もはや苦笑いのキャビンアテンダントと隣りのアメリカ人。だがこちらも真剣勝負なわけで、生半可な気持ちでは挑んでいない。

 

そういえば、かつてイギリスへ向かう機内で、ハーゲンダッツアイスの在庫を一挙に引き受けたことを思い出す。

あのときも、食後のコーヒーをおかわりしながら、

「アイスの余りはないの?」

と尋ねたところ、茶目っ気たっぷりの若いクルーが、両手いっぱいにハーゲンダッツを抱えてわたしのところへ戻って来たのだ。

 

「好きなだけどうぞ」

 

なかなかオツなジョークをかます女性である。

とりあえず5個ほど食べた時点で、残りのアイスが溶け始めた。周囲の乗客に「アイス食べない?」と売りつけるも、怪訝そうな顔で断られる。

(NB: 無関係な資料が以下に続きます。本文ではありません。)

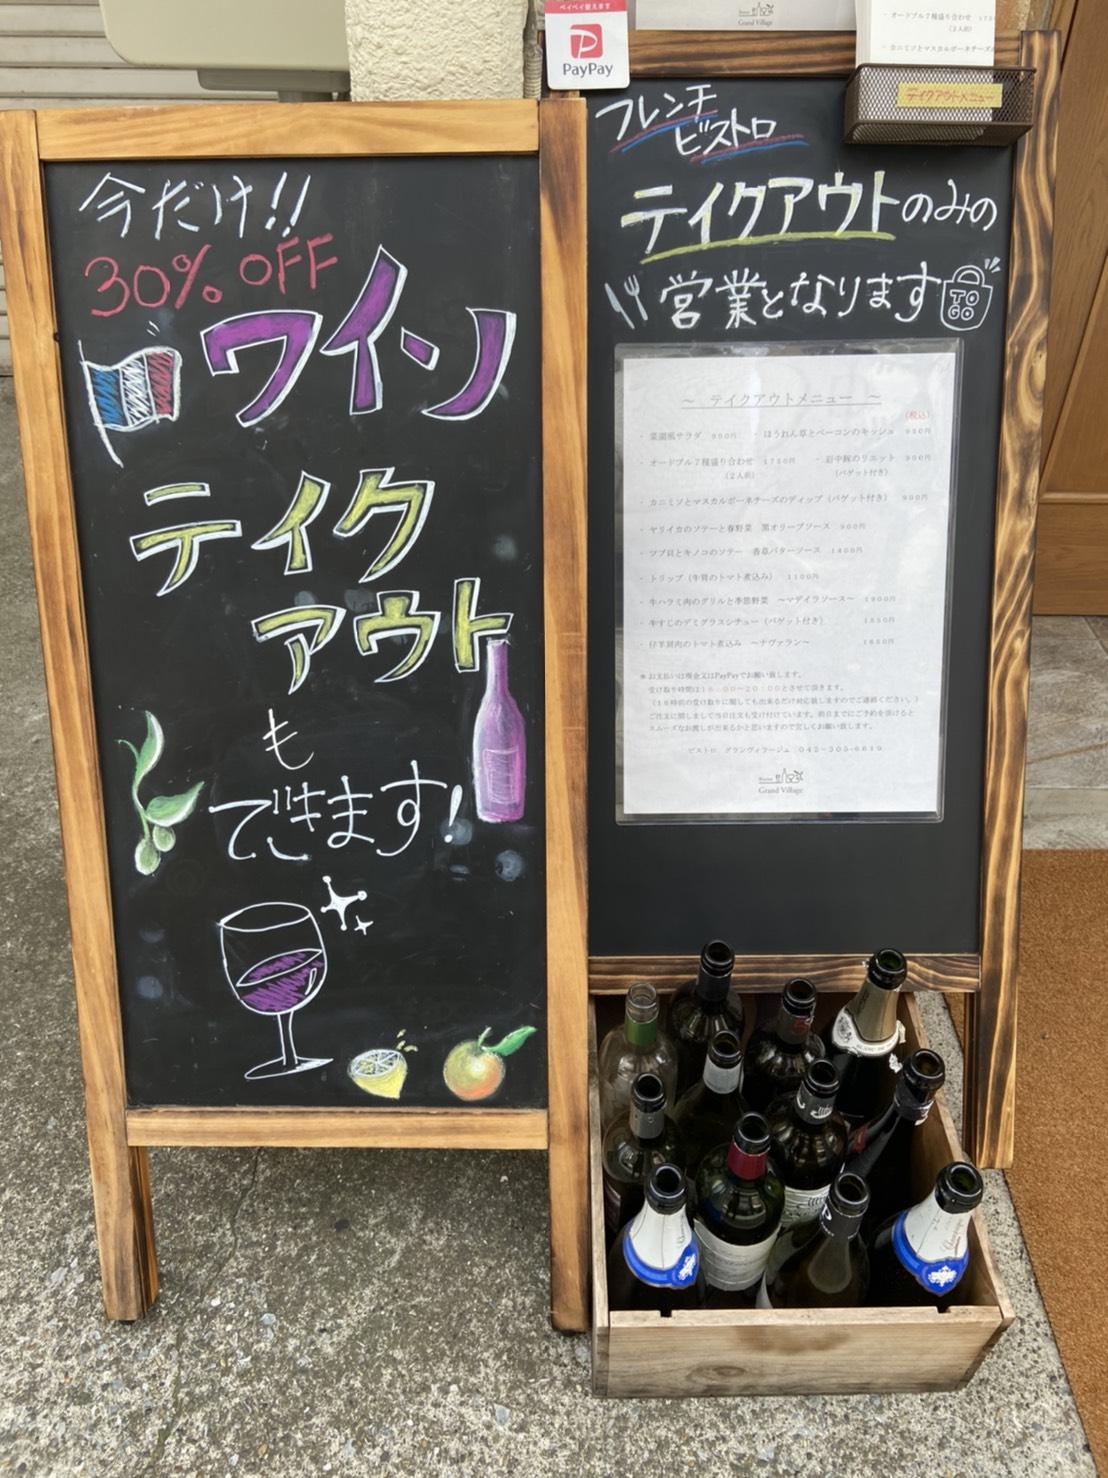 ボトルワインテイクアウト全品30%OFF

しかたなく席を立つと、前方で赤ちゃんをあやしている、アフリカ系の民族衣装に身を包んだ母親に近づき、アイスを勧めてみた。最初は驚いたような、それでいて訝しげにわたしを注視していたが、しばらくすると、

「ありがとう。さっきのアイス食べ損ねたのよ」

と、笑顔で受け取ってくれた。

 

(そうか。食事のときに赤ちゃんの世話をしていたから、アイスを食べられなかったのか)

 

であればもっと早く届けてあげればよかった。容器を掴めばフニャフニャするようなアイスより、指が凍傷になるほどの固形状態で手渡したかった。

母親は自分のことより我が子を優先する。ましてや赤子となれば、おちおち寝てもいられまい。そんな多忙な母親に、せめて少しでも美味しいハーゲンダッツを食べさせてあげたかった。

 

――そんな後悔の記憶がよみがえる。

 

そして今、残り物のパンを頬張りながらキーボードを叩いているわたし。

軽食も含めると、かれこれ5回は食事を済ませたことになる。コーヒーなど15杯近く飲んでいるわけで、かなりのハイペースで航空運賃の回収ができているのではなかろうか。

 

(空の上ということを考慮して、コーヒー一杯500円だとして・・・ダメだ、全然元が取れてない!)

 

あぁ、回収ノルマは「コーヒー100杯」といったところか。